Task prompt
Look below for the line with "Teak side table" and the line with "Officially this is"; repeat exactly those two lines and all lines between them, but no pictures.

*** Opening Data to examine ***

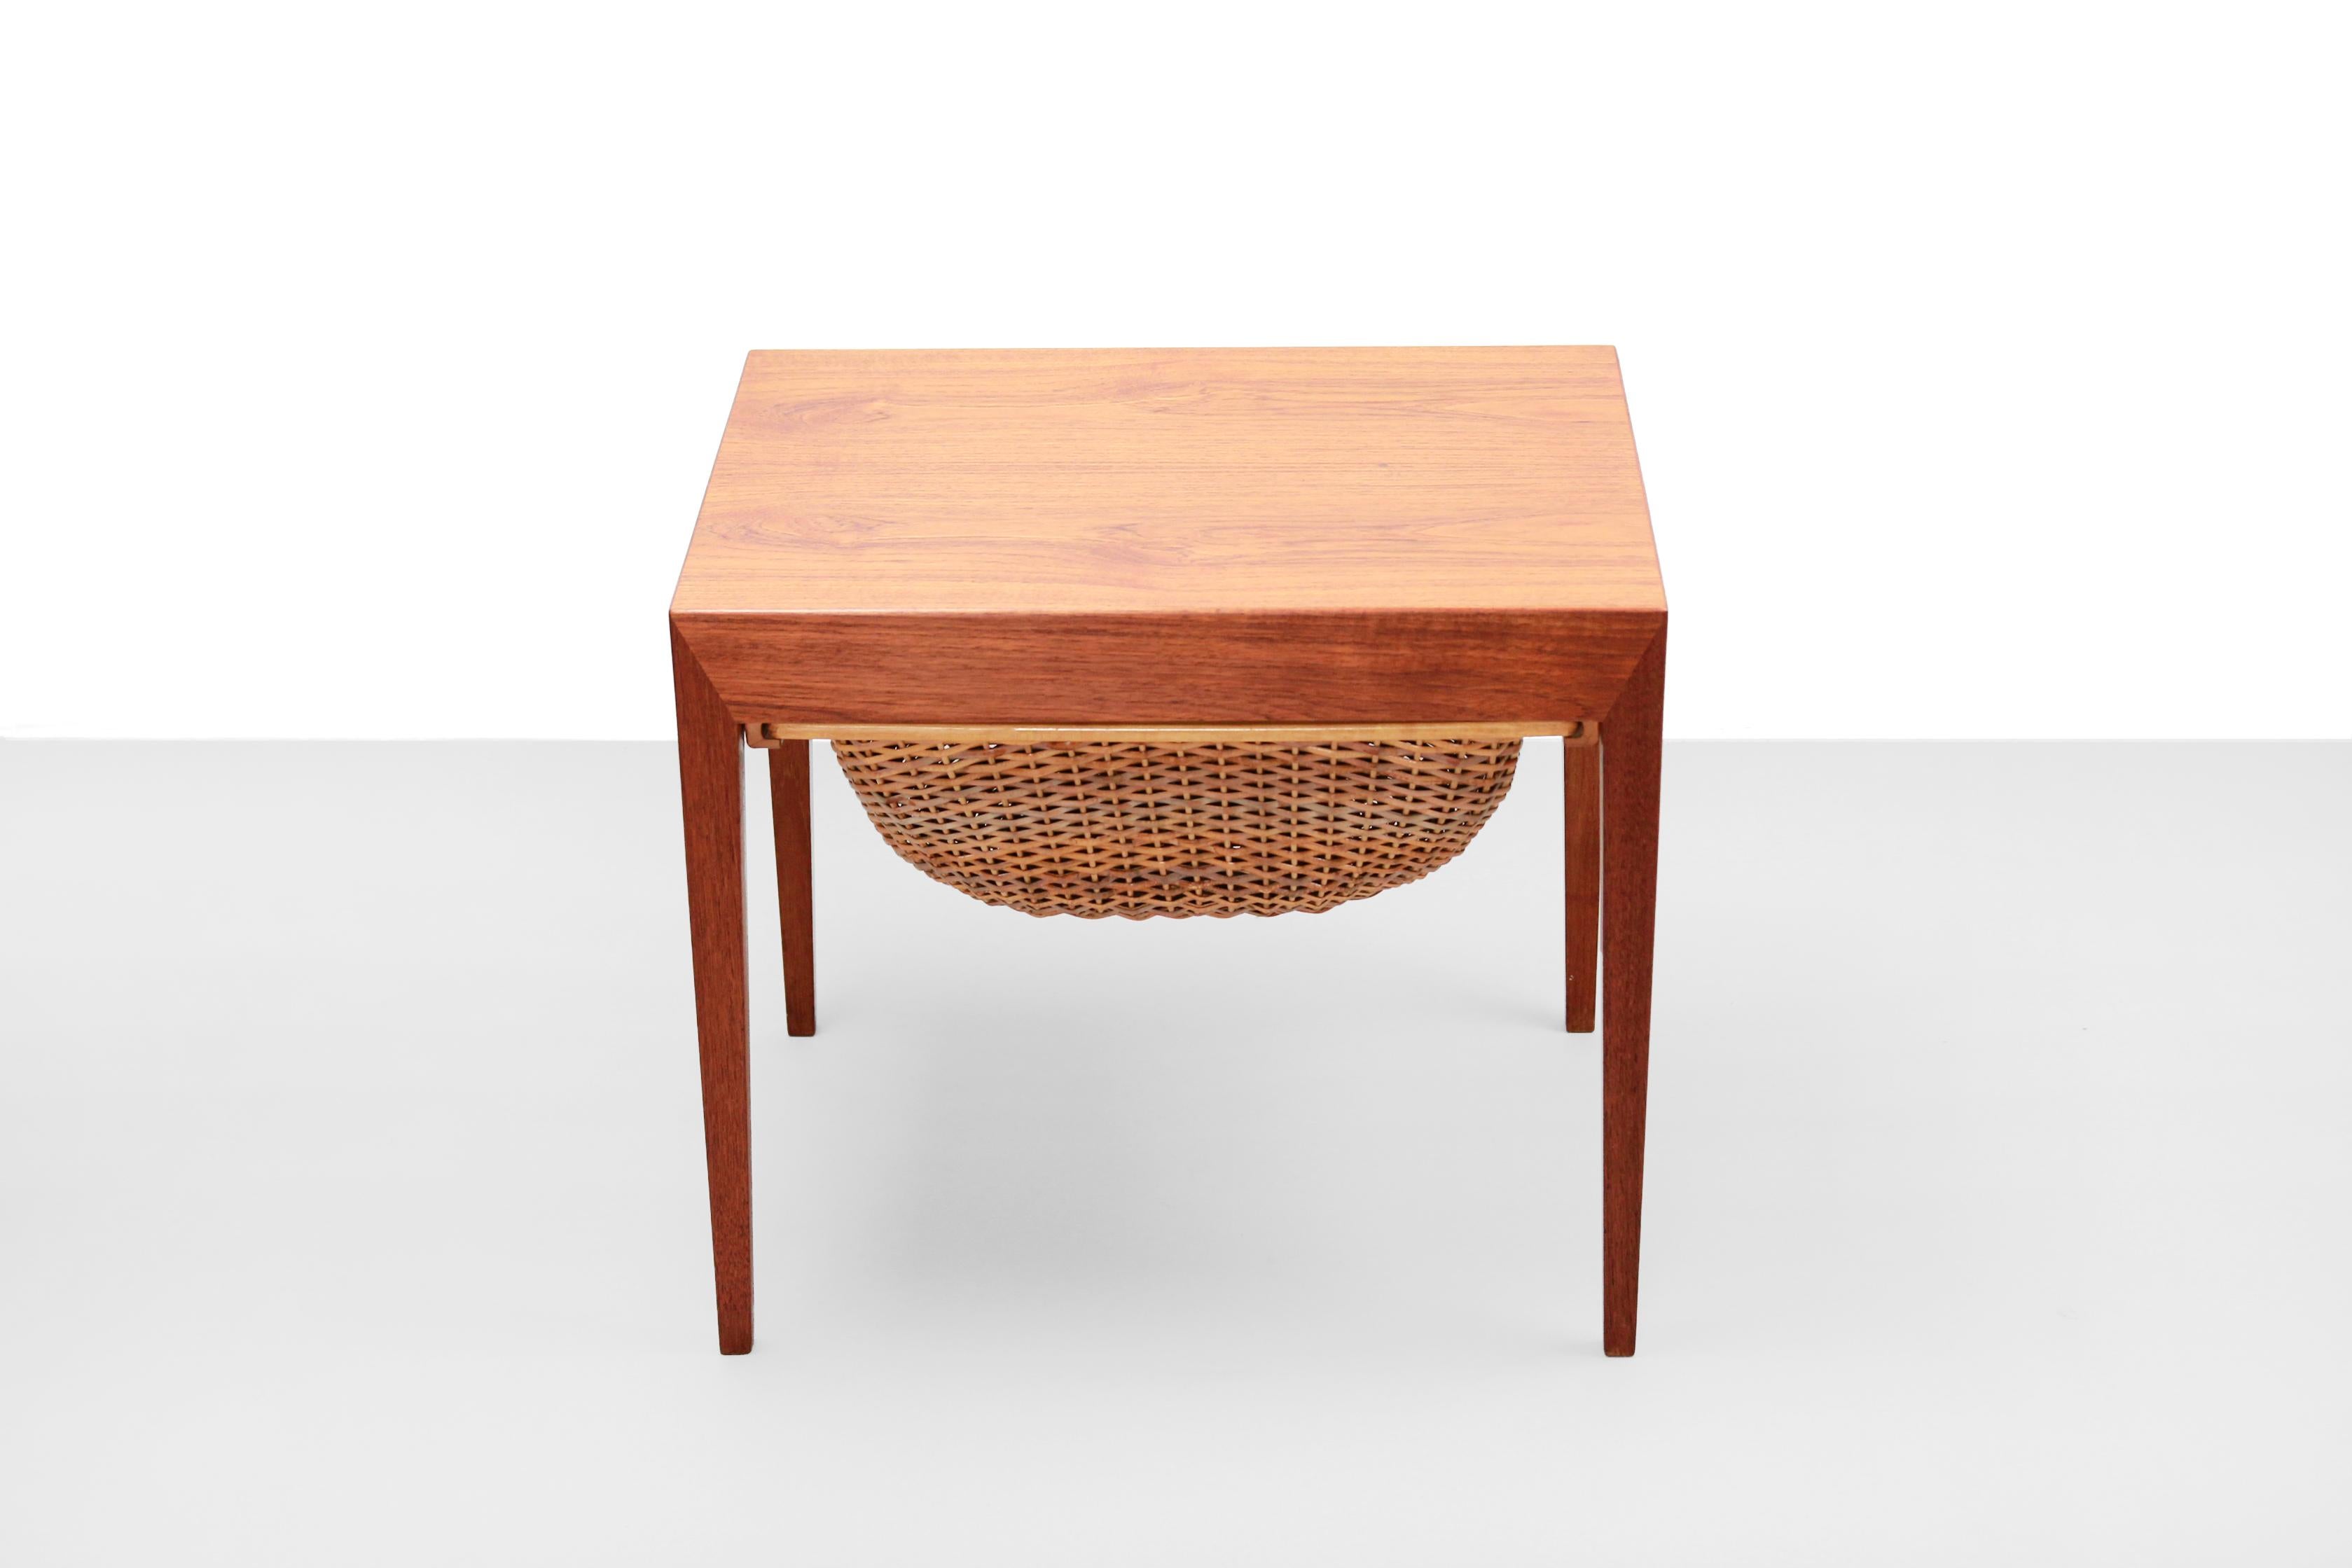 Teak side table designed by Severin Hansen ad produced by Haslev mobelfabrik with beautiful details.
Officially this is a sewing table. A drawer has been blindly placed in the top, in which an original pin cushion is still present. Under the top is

*** Closing Data to examine ***
*** Opening Data to examine ***

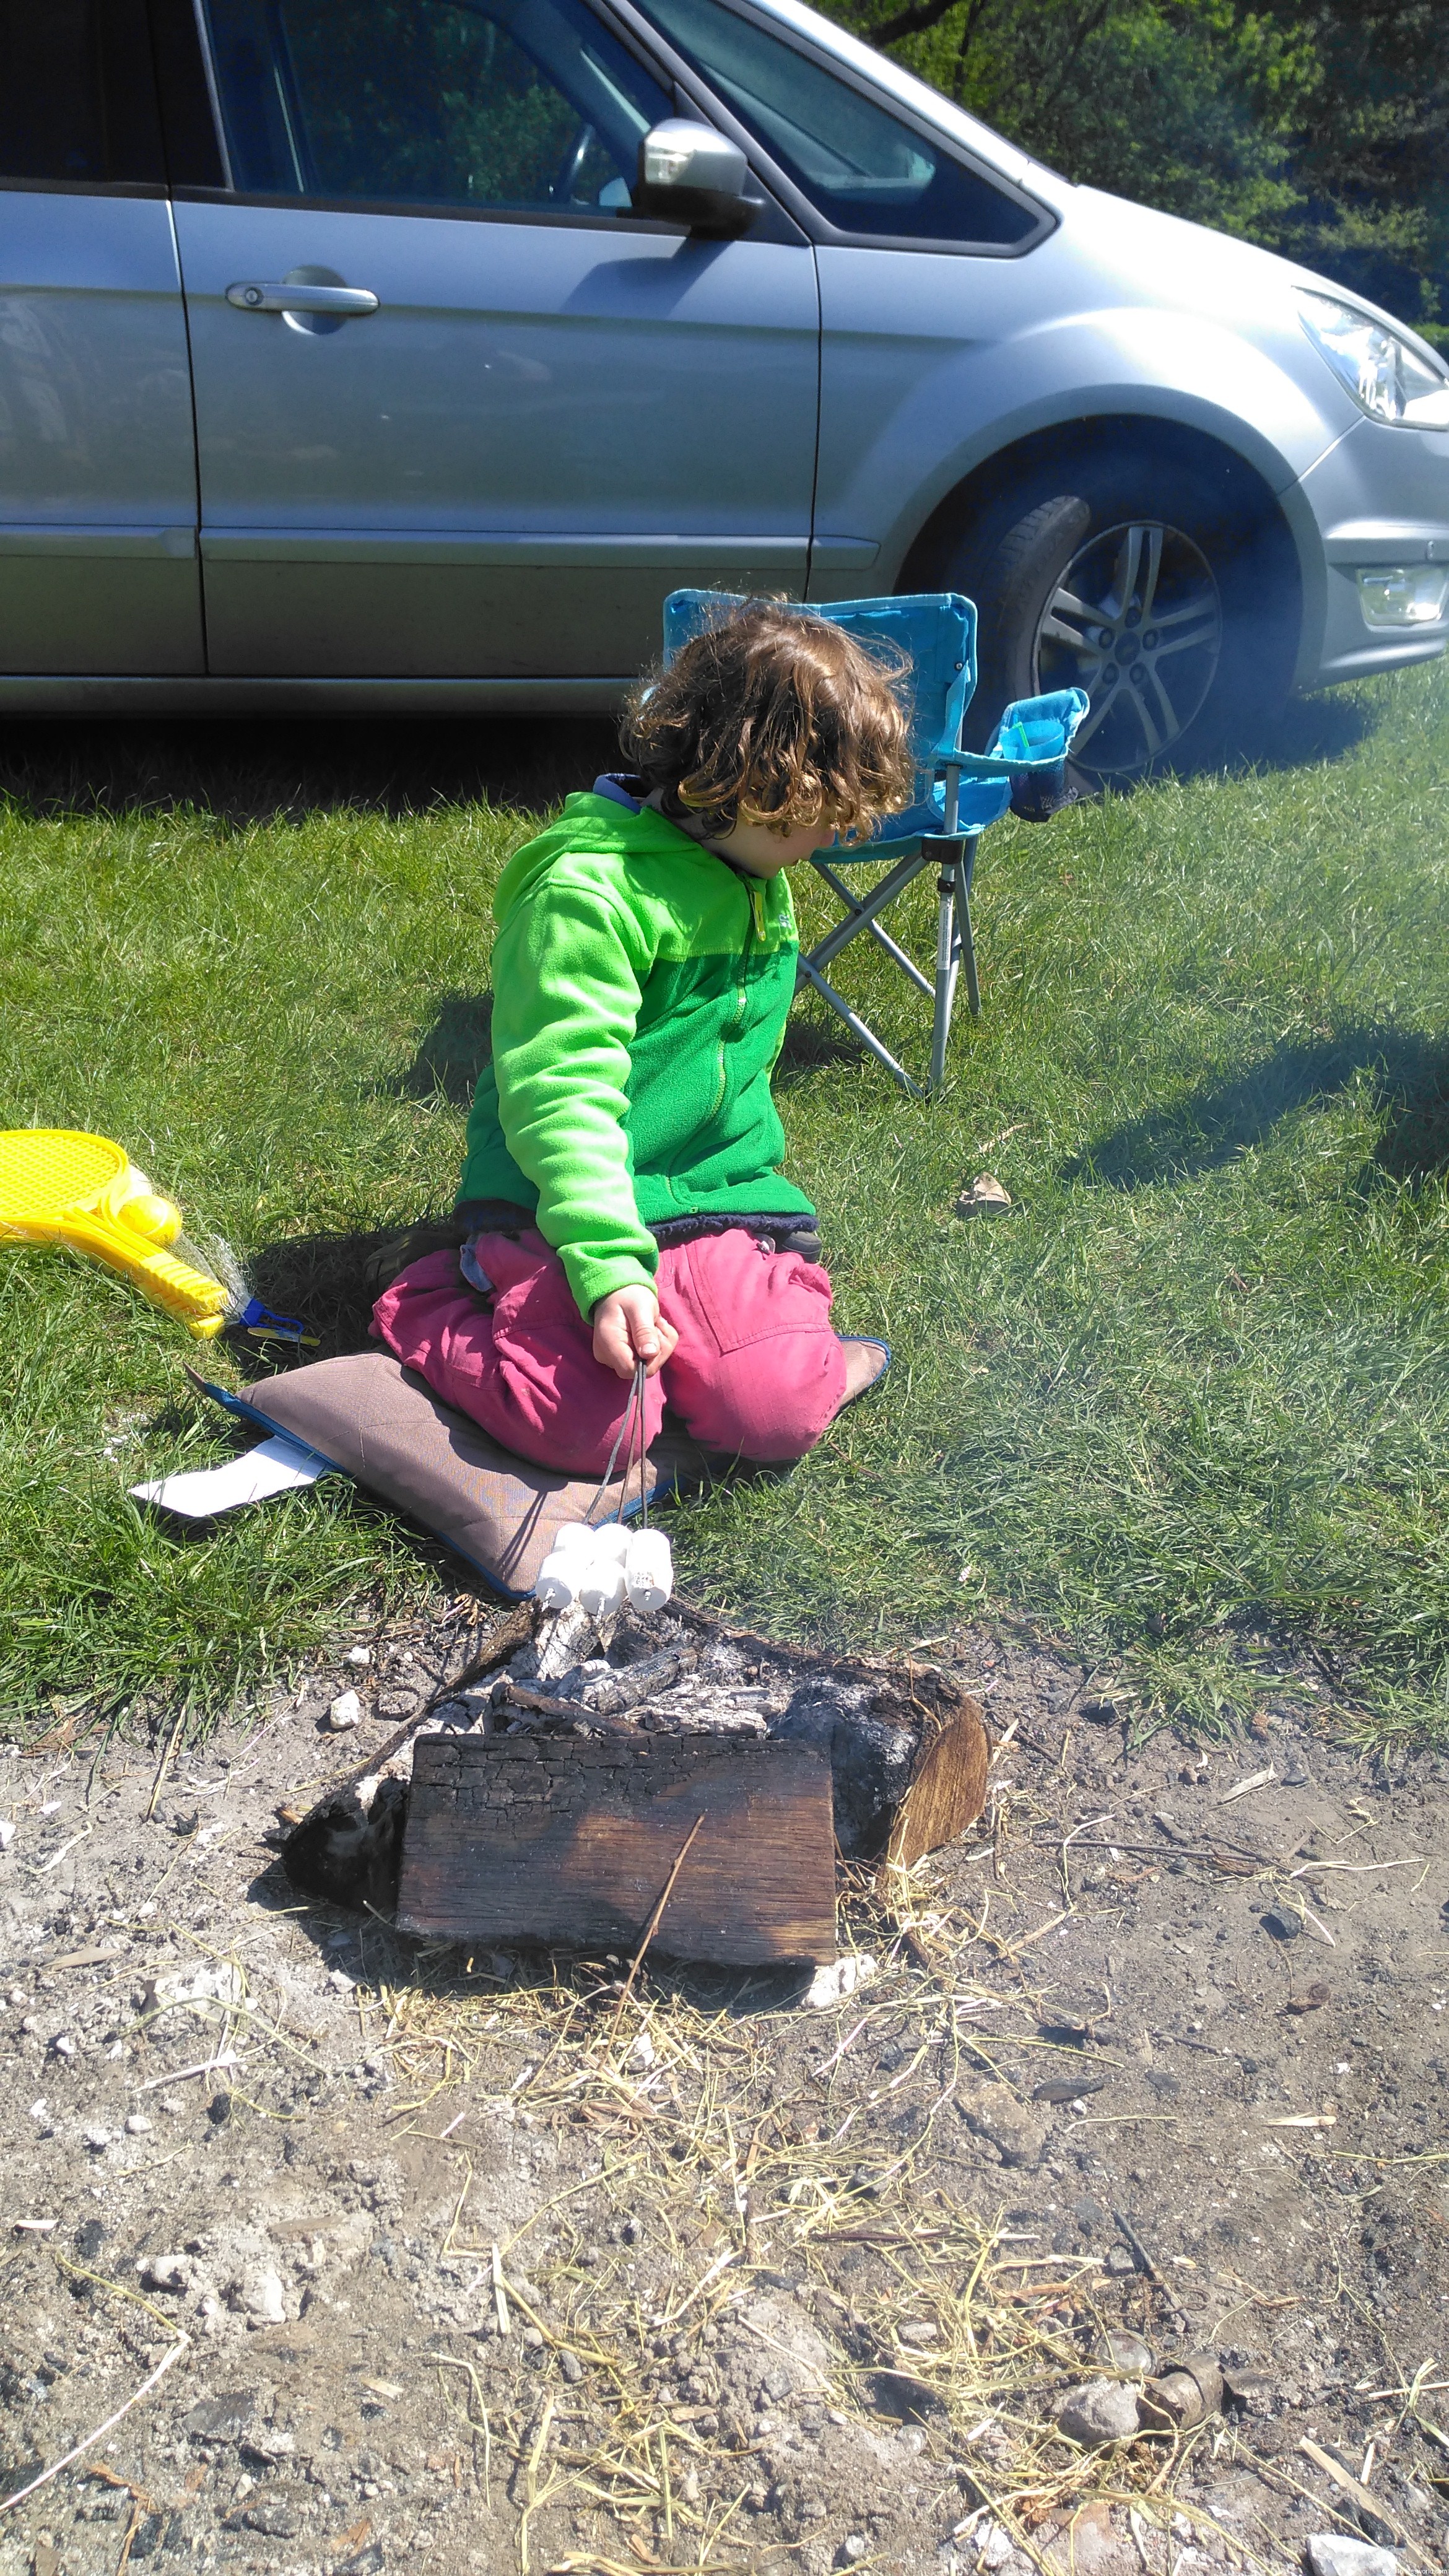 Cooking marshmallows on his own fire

*** Closing Data to examine ***

Solved problem
 Teak side table designed by Severin Hansen ad produced by Haslev mobelfabrik with beautiful details.
Officially this is a sewing table. A drawer has been blindly placed in the top, in which an original pin cushion is still present. Under the top is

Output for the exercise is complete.